Jesus didn’t explain away what He was saying.  He didn’t try to make His Words palatable or acceptable to the crowds.  V. 66 says many of the disciples turned back and walked away from Him.  I have to ask myself, is it so hard to believe that people would walk away from Him?  Is it so hard to believe people wouldn’t get it?  If these were the words we heard without knowing the rest of the story, would we have walked away from Him, even having seen some “miracles?”  I have seen some “magic shows,” especially in my younger years since my parents were fans of David Copperfield.  I even saw one of his shows live.  It was amazing.  He did things that are humanly impossible.  It was breathtaking to see his illusions.  But what would I have felt or thought of him if after doing those things, he said to me, “now hear this, you have to eat my flesh and drink my blood.”  Umm, “I’m heading home now, thanks for a great show.”
And Jesus didn’t run after them. He didn’t say, “aw, come on back guys, what I really mean is this. Let me explain it to you. in a different way.”  Instead He asks the twelve if they want to leave too?  Not only does He give them the opportunity to leave, but He calls one of them a devil.  If I were the one being spoken to, I think I would be very offended.  “What do you mean calling one of us a devil? We’re here by your side, aren’t we?”
Yet Jesus persists in speaking of spiritual realities while everyone around Him is lost in the temporal.

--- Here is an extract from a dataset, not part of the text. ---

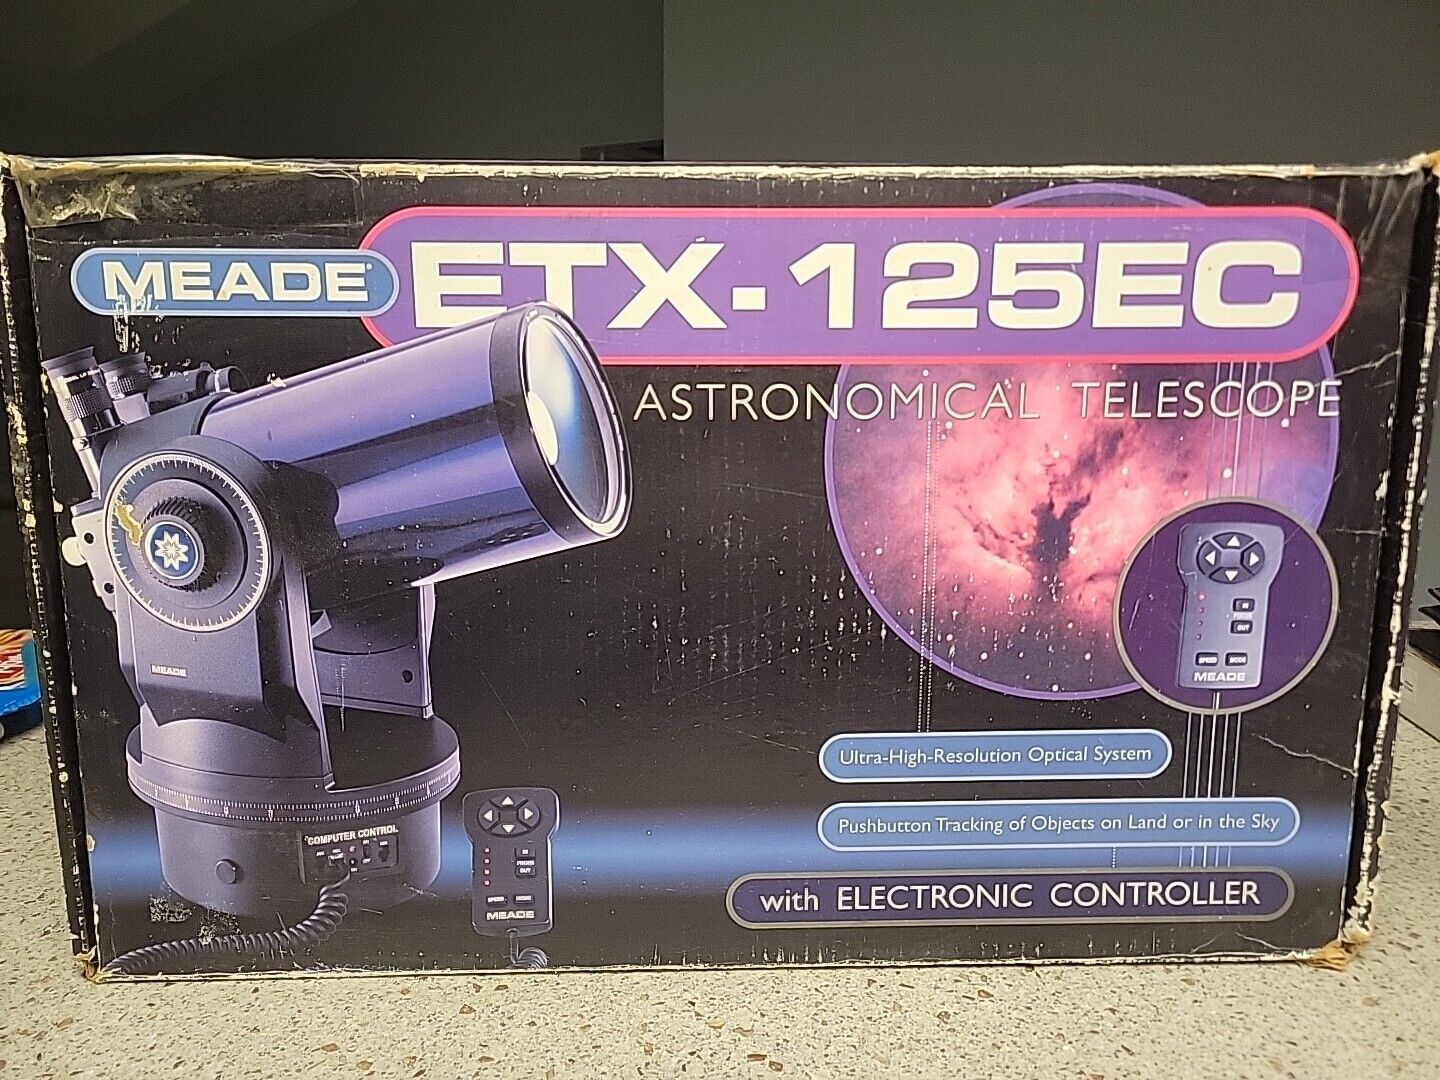 Meade ETX-125EC Astronomical Reflector Telescope - Open/Original Box with extras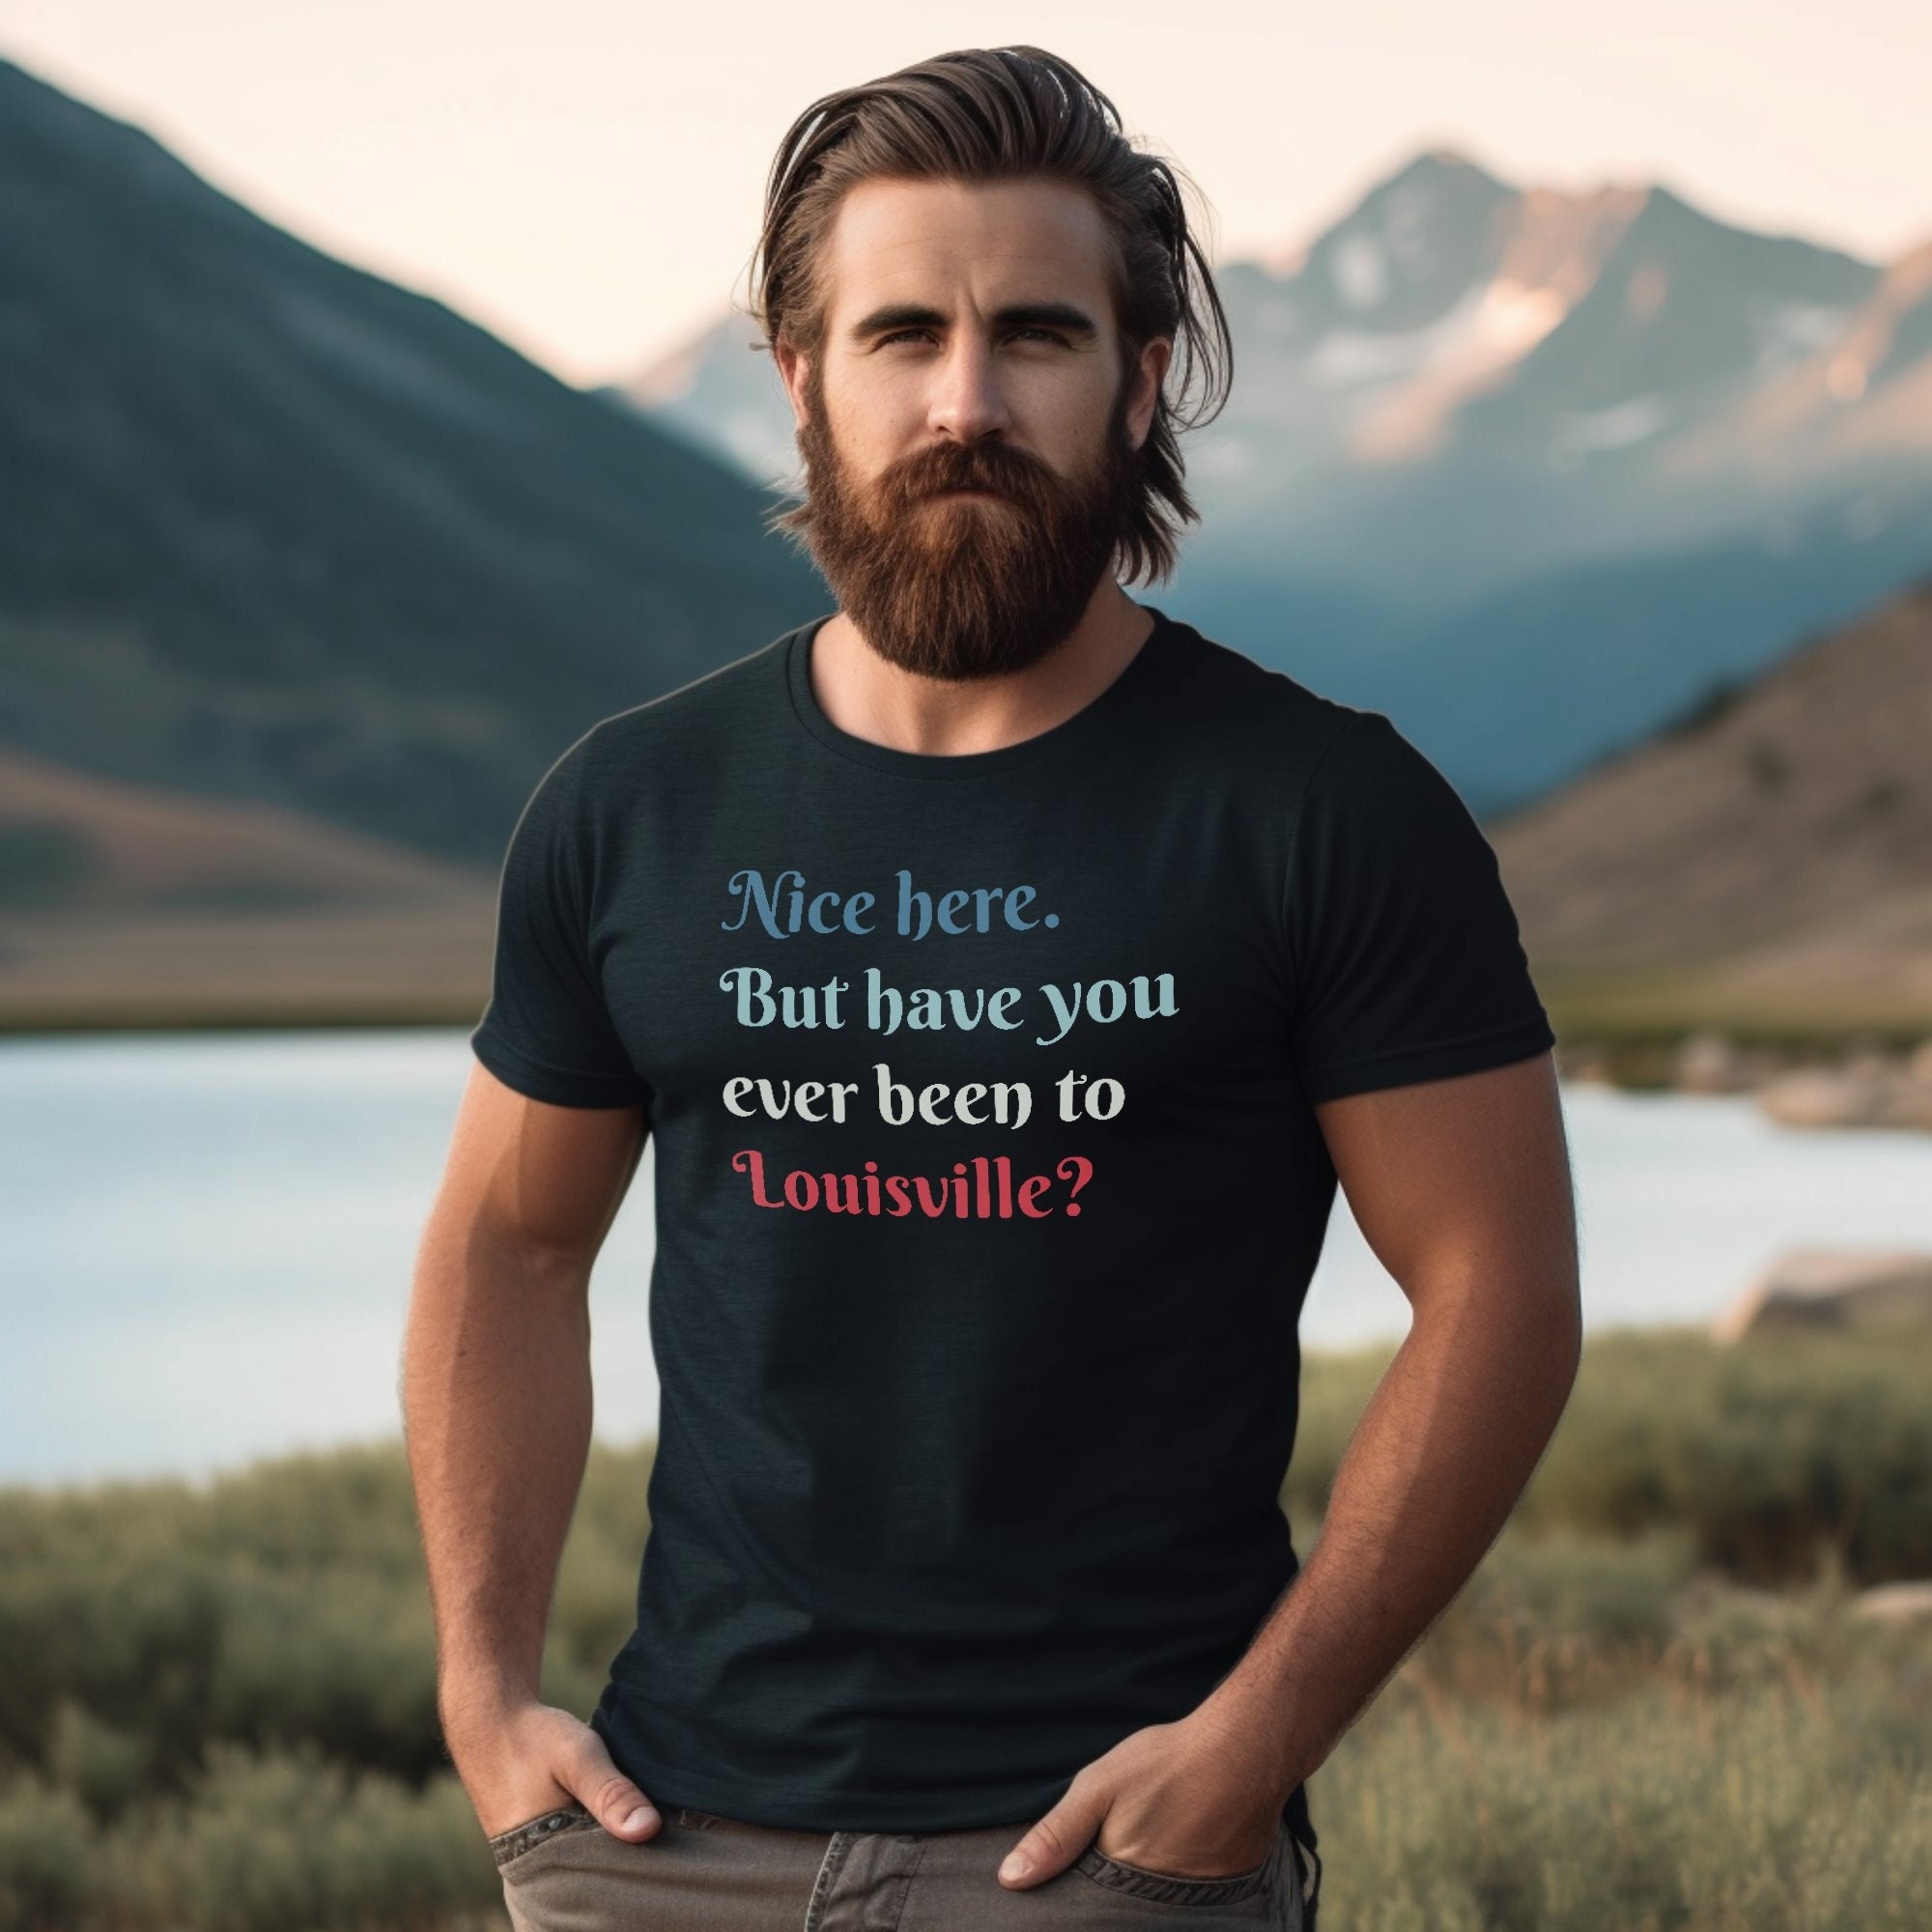 louisville tee shirt

Who would I have been in this account?  Who am I today?  Am I consumed with things spiritual or things temporal?  Will I recognize Jesus when He returns?  Will I know Him well enough?

About andreamoormans

I was raised to be an independent, strong-willed woman. My earthly father prepared me for life by sending me to the best schools. I attended Wellesley College, the same school Hillary Clinton and a host of prominent women attended. Gloria Steinem spoke at my graduation. I was a Fulbright Scholar. I went to Harvard Graduate School. My father meant well, but his plans stemmed from worldly wisdom. "Church" was an event I put into my schedule, not the fabric of who I was. Amidst many successes that left me feeling empty, I began searching for meaning. My life was turned upside down when I realized how wrong I had been about God and the Church. I had accepted a diluted, unrecognizable version of both. Earnestly studying my Bible and realizing my need for repentance, I committed myself to a relationship with Christ, following his plan for salvation. That was the easy part. Then began the process of peeling away layer upon layer of religiosity. Now 23 years later, He is still stripping away layers of erroneous thinking and revealing to me how to bring greater glory and honor to Him through my thoughts, my actions, my speech, my life. Though I have been blessed in many ways and have a wonderful family, the desire to obey the Lord's commands has led me to a very different path in life than I would have ever imagined. Following Him has not been easy. In fact, it is harder than any of my studies at the best name schools, ever was. Jesus never promises a life of ease. In fact, He calls me to walk counter to the teachings of this society. But in trading in worldly wisdom for His, I have gained full confidence that Jesus Christ is truly the only treasure worth chasing.